Галка фыркнула недоверчиво, и продолжила писать.
— Нет, правда, я жила всегда по правилам. Почему у мамы рождались нормальные карапузы, а у меня нет? У нас все одно. Молились одинаково, ели одну еду, общались с одними людьми.
— Мне покуда знать?
— У твоего же хозяина полно уродов. Может, успела понять?
Галка нахмурилась недоверчиво.
— Мне только жрица говорила, что от сильного жара рождаются уродки.
— Ну, да. И правда. Я-то у реки всегда под палящей Жарой время проводила, а мама в избе любила сидеть. В тени обычно пряталась.
Гала посмотрела удивленно.
— Чего?
У Мерина мама рис собирала, наверняка ее тоже припекало. У Федоры — на улице торговала, каждый день на Жаре. Интересно, а кем были родители Галы.
— Ничего, забудь.
А ведь у Евы мама пастушкой была…
— Что за гам?
Роженица поспешила закрыть форточку, чтобы шум не разбудил Свету.

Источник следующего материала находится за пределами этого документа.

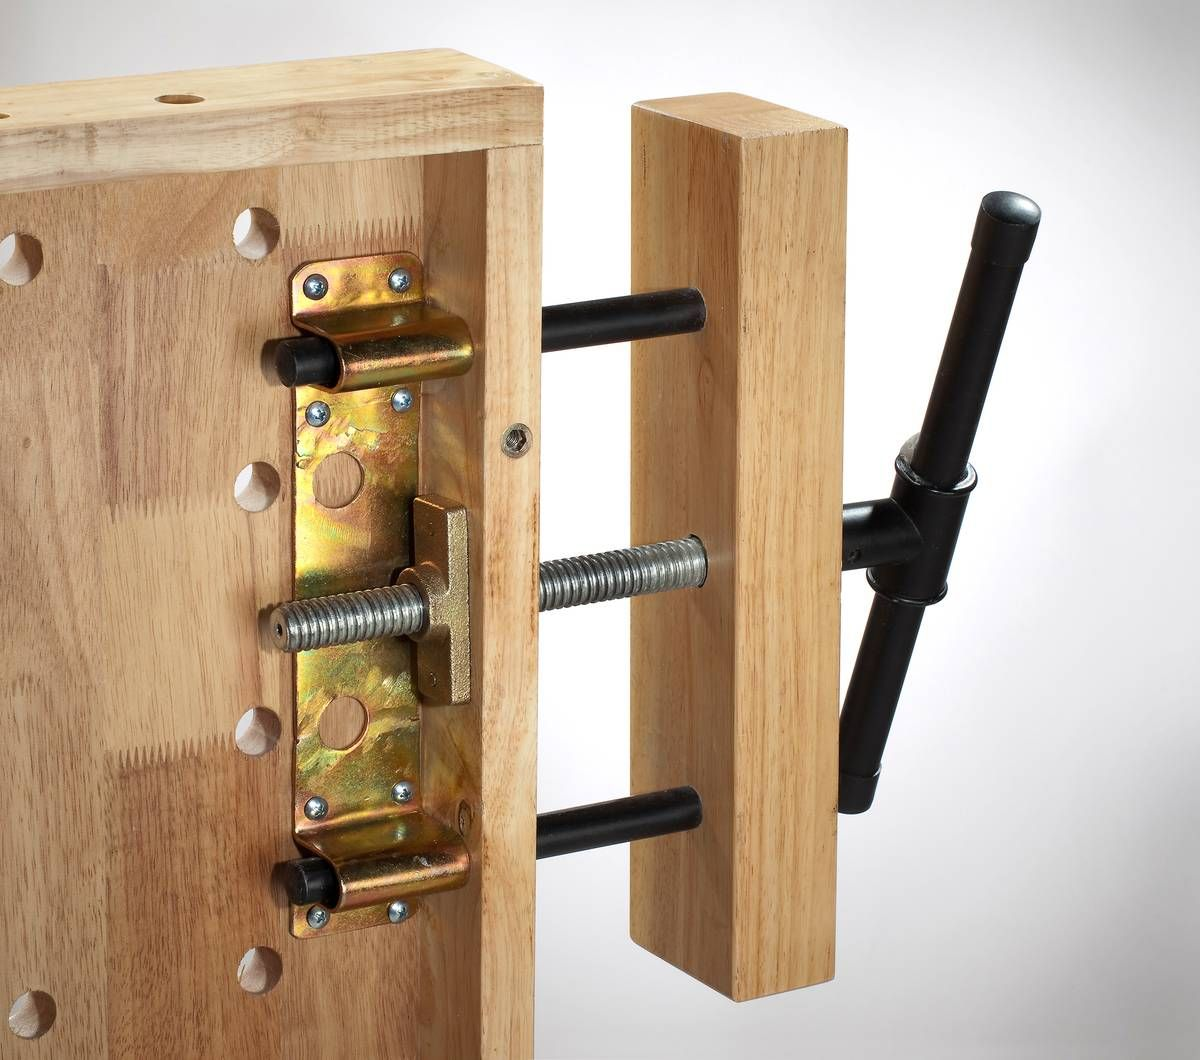 klemmvorrichtung f r hobelbank werktische pinterest hobelbank werkstatt und werkzeuge. Black Bedroom Furniture Sets. Home Design Ideas

Да загляделась.
— Вот это петух приехал, подойди, — Галка нехотя повиновалась, просеменила к окну. И не сдержала радости, завиляла хвостом отчаянно и весело.
Выскочила из комнаты, сбежала по лестницам вниз. Гналась по коридорам так, что храмовые тапочки скользили на поворотах. Растрепала немного платок, пару прядей выбились, ряса съехала с плеч чуть в бок.
Счастливая и блаженная вышла.
Это был Влад. Верхом на коне, в сопровождении пары служанок Яровой, он тут же узнал Галу. Соскочил с седла. И бурей налетел на девушку. Заключил в жаркие объятья. Сгреб ее всю в охапку. И держал так крепко, будто боялся, что исчезнуть может.
Галка хохотала, обнимала тоже. Цеплялась тонкими пальцами за одежды на спине хозяина. А он сгорбился над ней, всю ее сжал. Так что девушка неловко выгибала спину, с трудом на ногах держалась без опоры.
— Ну же, пустите, я показать кое-что хочу, — она хлопала по спине Влада. Он только отчаяннее вжимал лицо в изгиб ее шеи. Прижимал крепче, теплее.
— Я думал, умру от волнения. Везде обыскался.
Галка выпуталась. Взглянула на Влада, а он сам на себя не похож. Измученный, высушенный, печальный. Казалось, не спал все это время, не мог уснуть. Бледный, уставший, с покрасневшими белками глаз.
Очень непривычно было видеть мужчину без макияжа, без подведенных ресниц, нарумяненных скул. Будто заболел.
— Пойдемте. Идемте же, ну, — Гала провела помещика в храм. Довела до покоев.
— Иди, мужчинам запрещено на священные места ступать, — он остался ее ждать в большой зале. Потерянный, смятенный.